The U.S. Chamber of Commerce, which regularly betrays the interests of its hundreds of thousands of small and medium Main Street business members to push the one-world agenda of Wall Street, straight-facedly claims that TISA will advance the principles of “increased transparency and public participation.”
The Coalition of Services Industries (CSI), a high-powered business lobby, echoes the Chamber’s assertions, stating that TISA will address major trade barriers such as “lack of transparency and need for due process of law.” But, of course, in order to achieve “transparency” we’ll have to accept non-transparency (i.e., absolute secrecy) and lack of due process — for a period of time. CSI’s members include such heavyweights as 21st Century Fox, Aflac, AT&T, FedEx, Google, IBM, Microsoft, Oracle, Prudential, UPS, Verizon, and Walmart, as well as too-big-to-fail bailout kings such as AIG, Citigroup, and JPMorgan Chase. Exactly the type of folks known for transparency and business ethics, right?
The TISA negotiations are no small matter; they encompass an immense chunk of our economy and have the potential to eviscerate many of our constitutional checks and balances, as well as launch a new tidal wave of job outsourcing. The U.S. Trade Representative’s office says that services “account for three-quarters of U.S. GDP and 4 out of 5 jobs in the United States.” The targeted sectors include banking and financial services, legal services, accounting, insurance, engineering, software design, teaching, real estate, tourism, consulting, energy distribution, transportation, telecommunications, courier and postal services, and a great deal more.
Under our U.S. constitutional system, the national government in Washington, D.C., is restricted to the exercise of specific, delegated powers having to do primarily with national defense, diplomacy, postal service, etc.
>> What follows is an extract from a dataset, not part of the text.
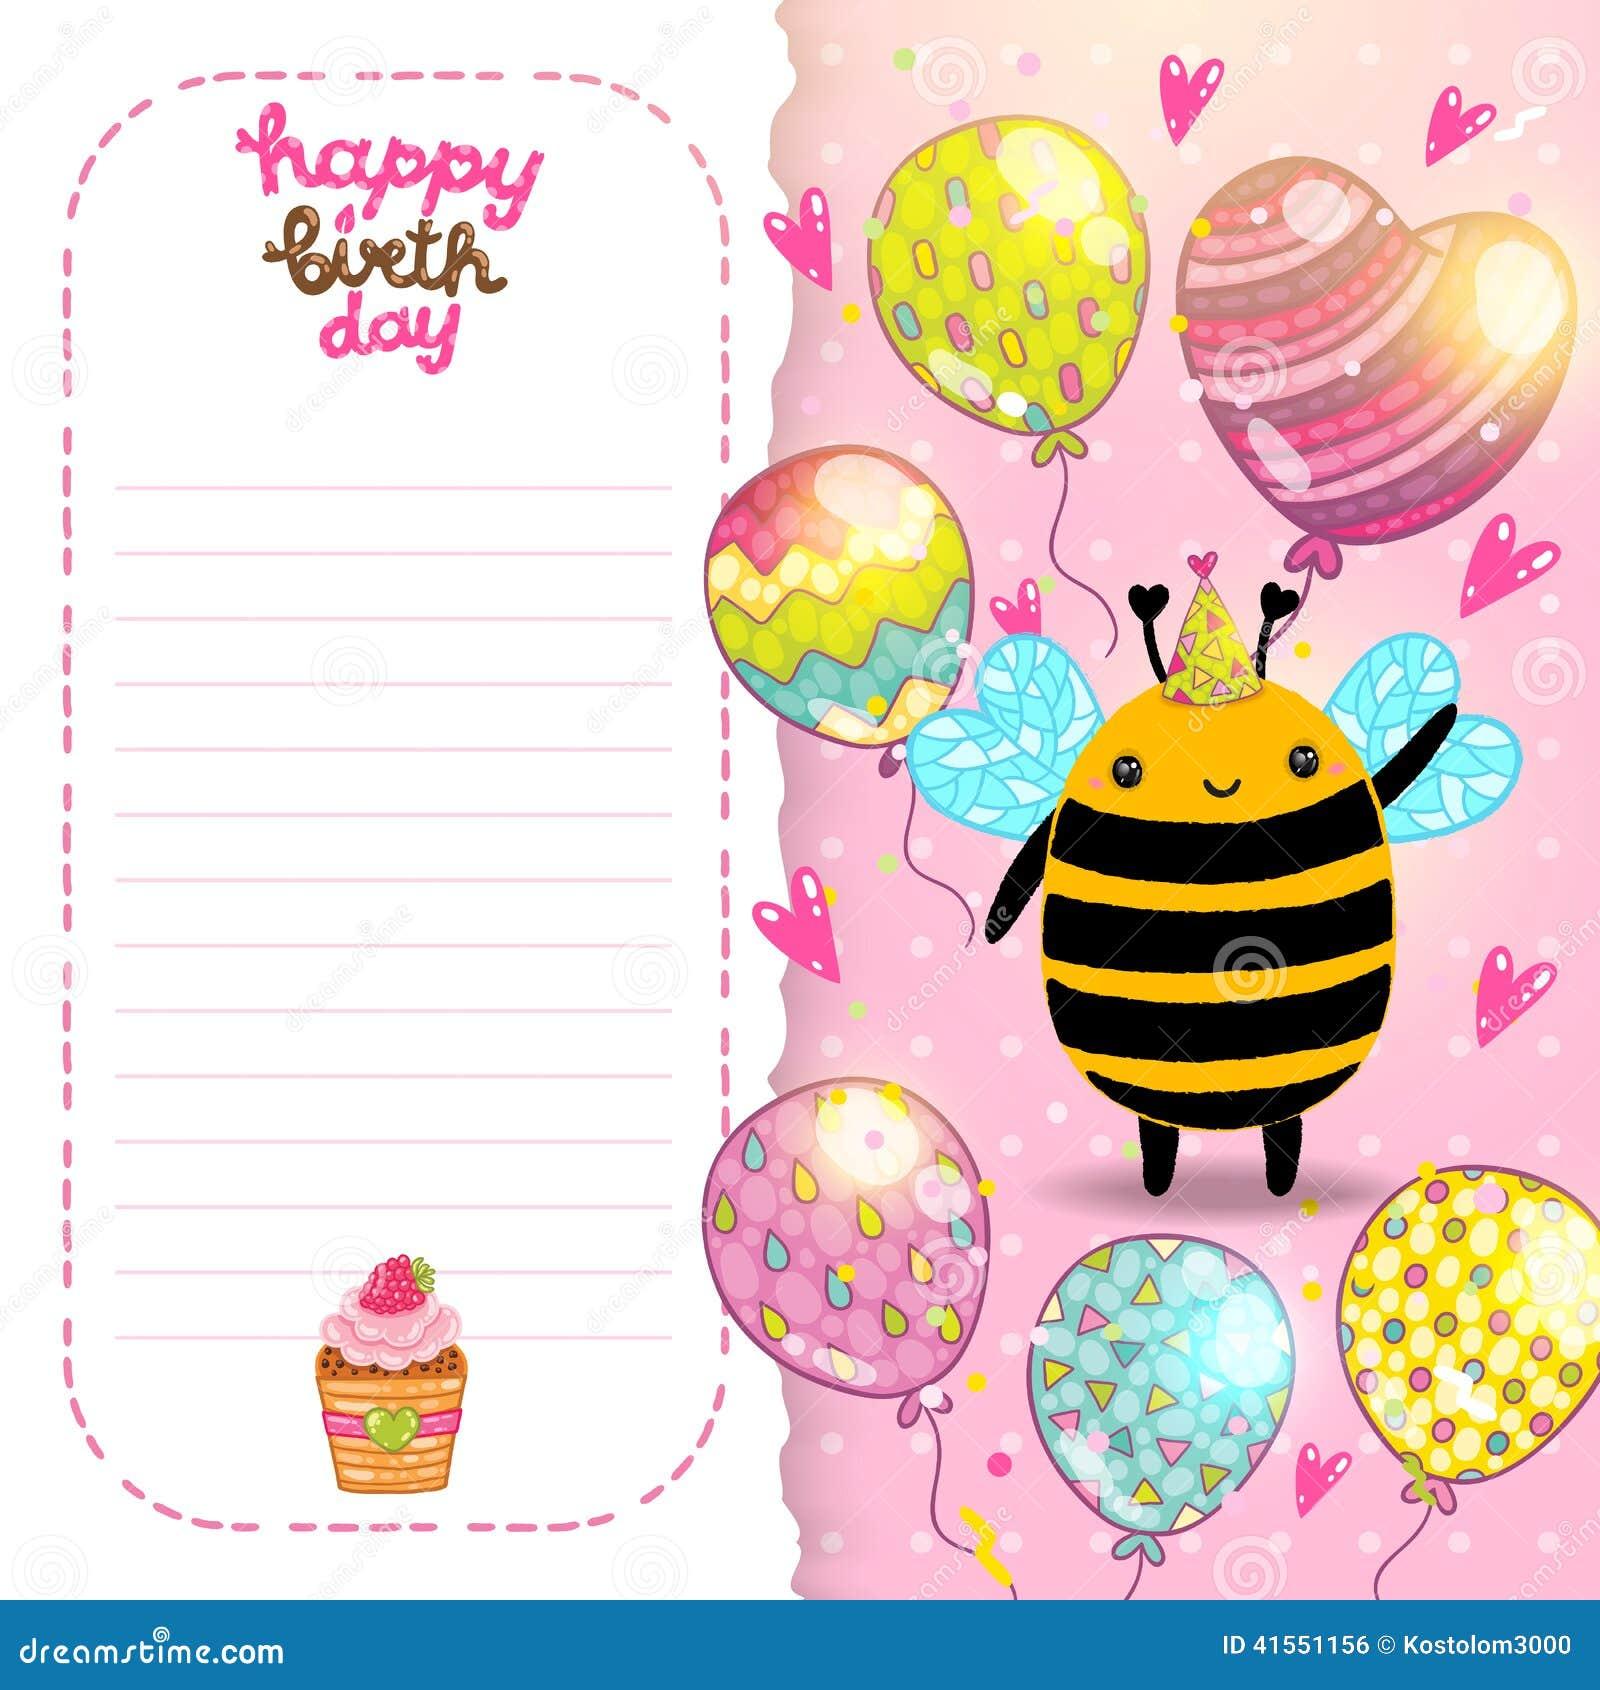 Двухсторонние открытки для печати на принтере на день рождения, цветы

The individual states reserved to themselves the vast majority of powers concerning criminal and civil law, commercial relations, contracts, business regulation, professional standards and licensing, etc. Each of our 50 states enacts its own laws and regulations governing these matters. TISA would strip those powers from state and local governments and transfer them to regional tribunals and the WTO.
Have your senators, congressman, governor, and state legislators registered opposition to this assault on our national sovereignty, states’ rights, and service jobs?